* **ACTIVITY**
Pictures within the data are to be left out; everything else must be reproduced exactly.

* **GIVEN INFORMATION**
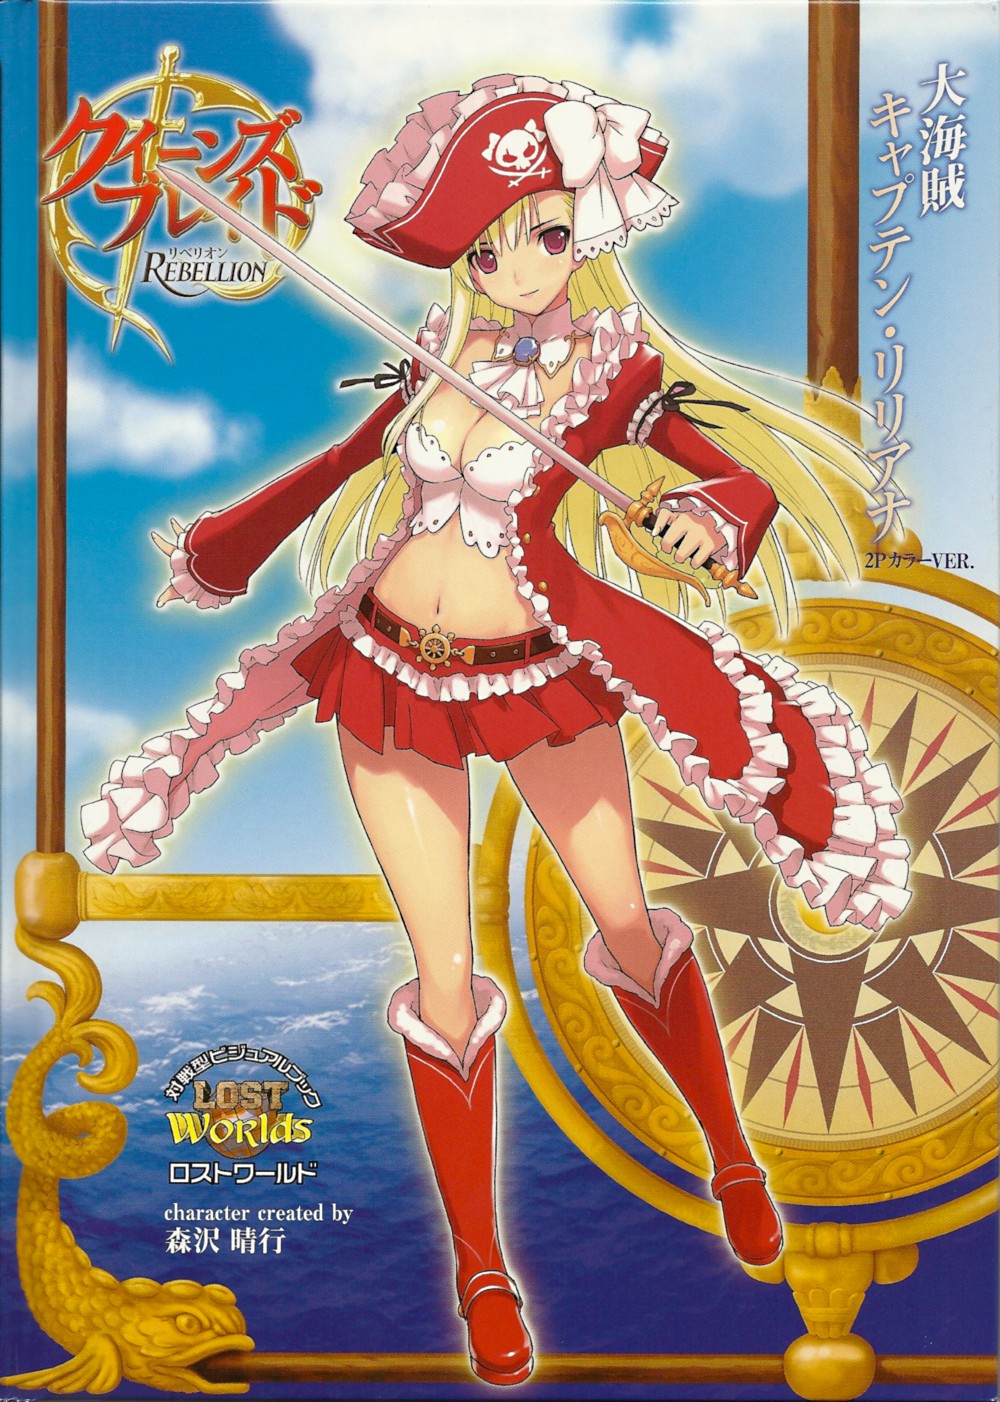 Фото Девушка-пиратка со шпагой в красном костюме из игры и аниме Queens Blade Rebellion / Клинок королевы
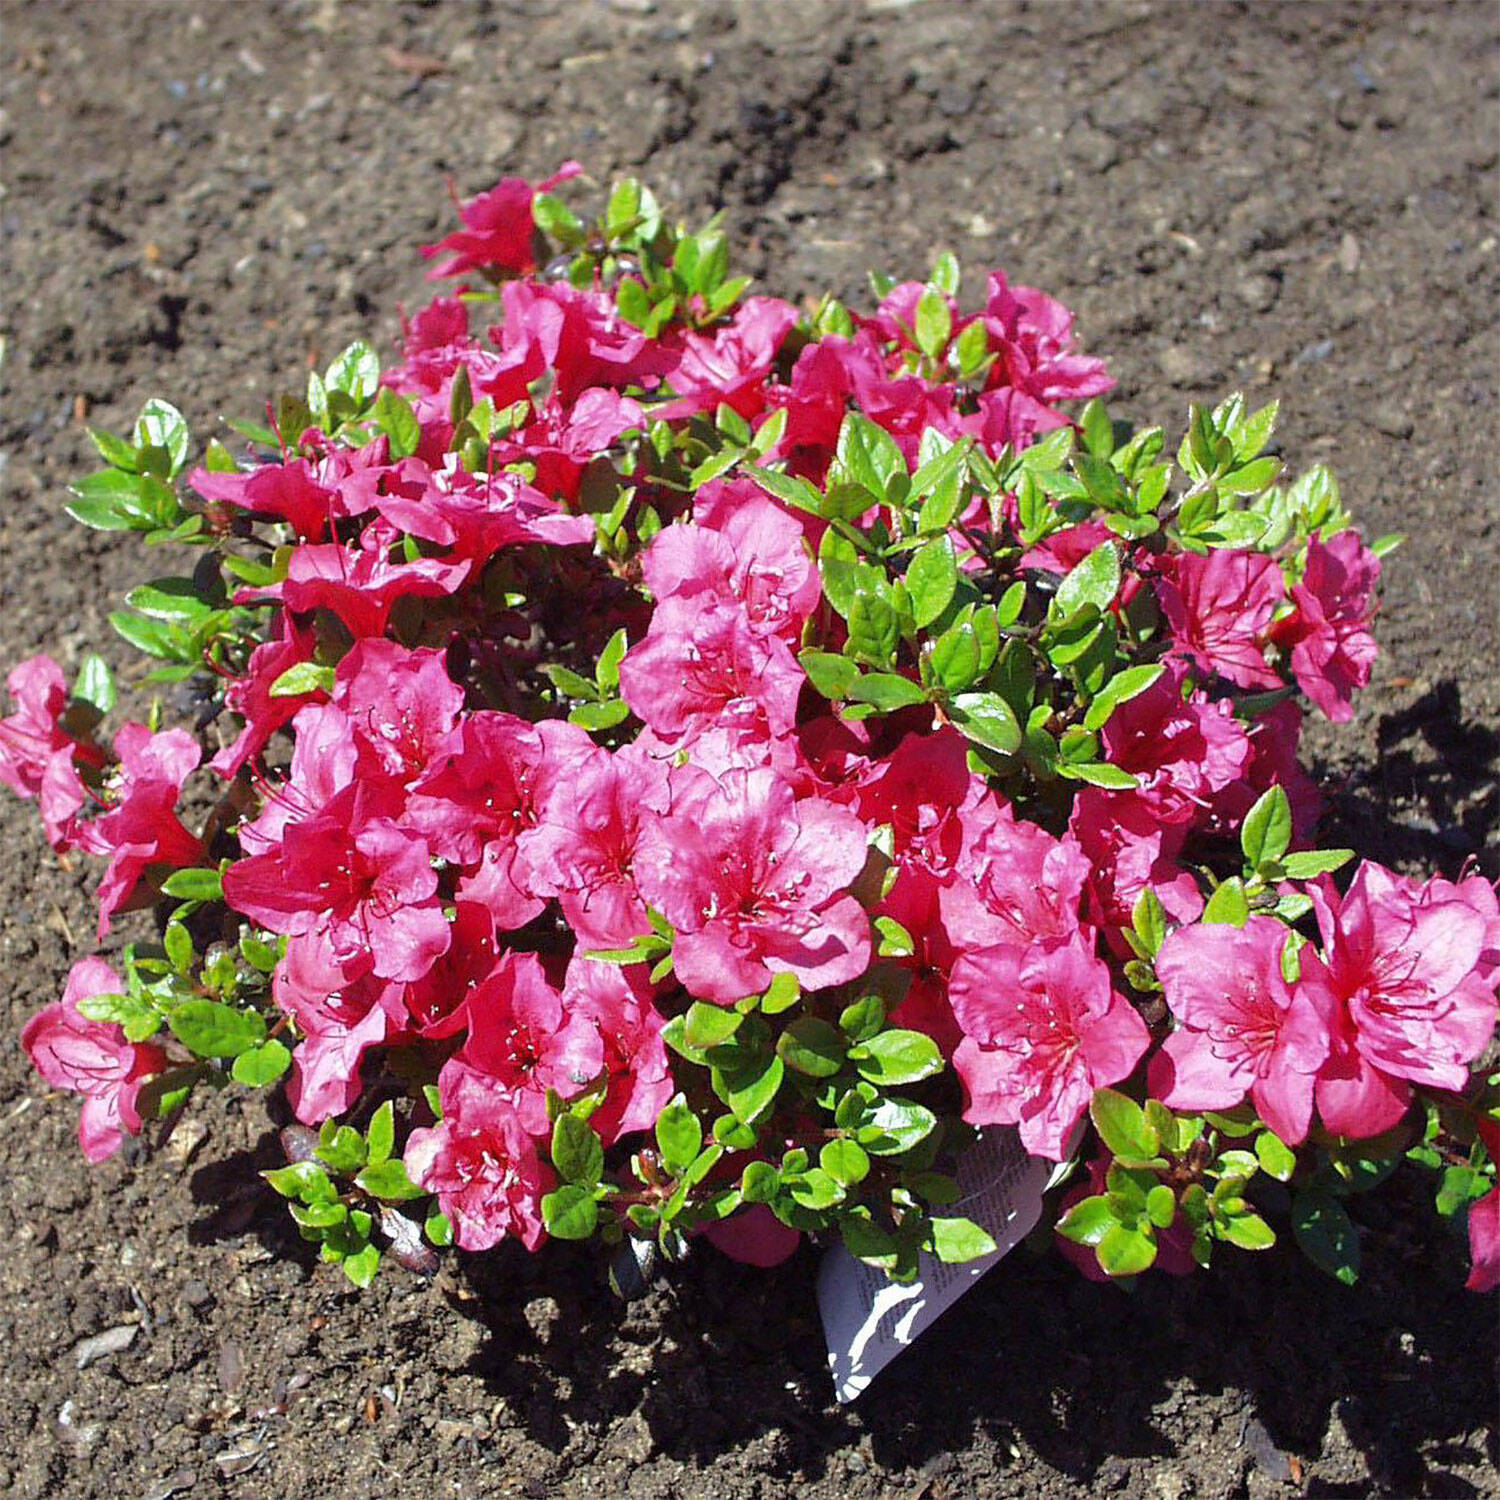 Kategorie <b>Hecken </b> - Rhododendron 'Purpurkissen'® - Rhododendron obtusum 'Purpurkissen'®
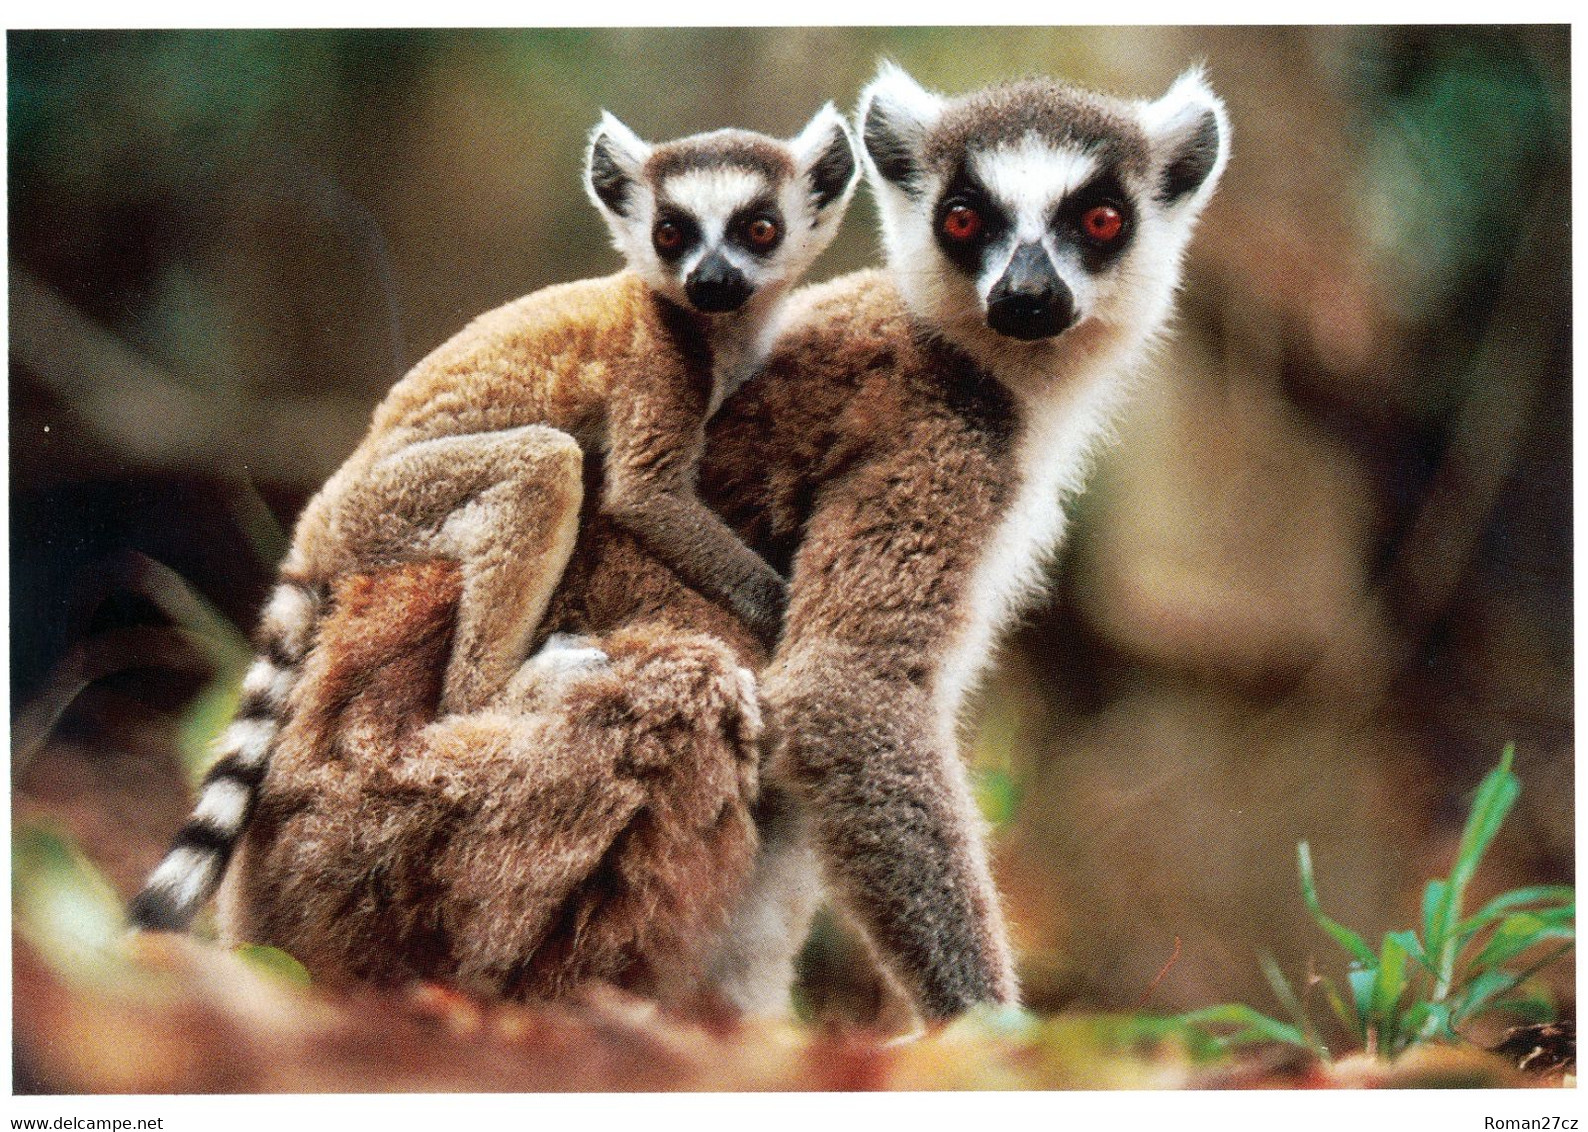 Noorder Dierenpark (ZOO Emmen), NL - Ring-tailed Lemur - Emmen

* **RESPONSE FOR THIS EXERCISE**
 Фото Девушка-пиратка со шпагой в красном костюме из игры и аниме Queens Blade Rebellion / Клинок королевы
 Kategorie <b>Hecken </b> - Rhododendron 'Purpurkissen'® - Rhododendron obtusum 'Purpurkissen'®
 Noorder Dierenpark (ZOO Emmen), NL - Ring-tailed Lemur - Emmen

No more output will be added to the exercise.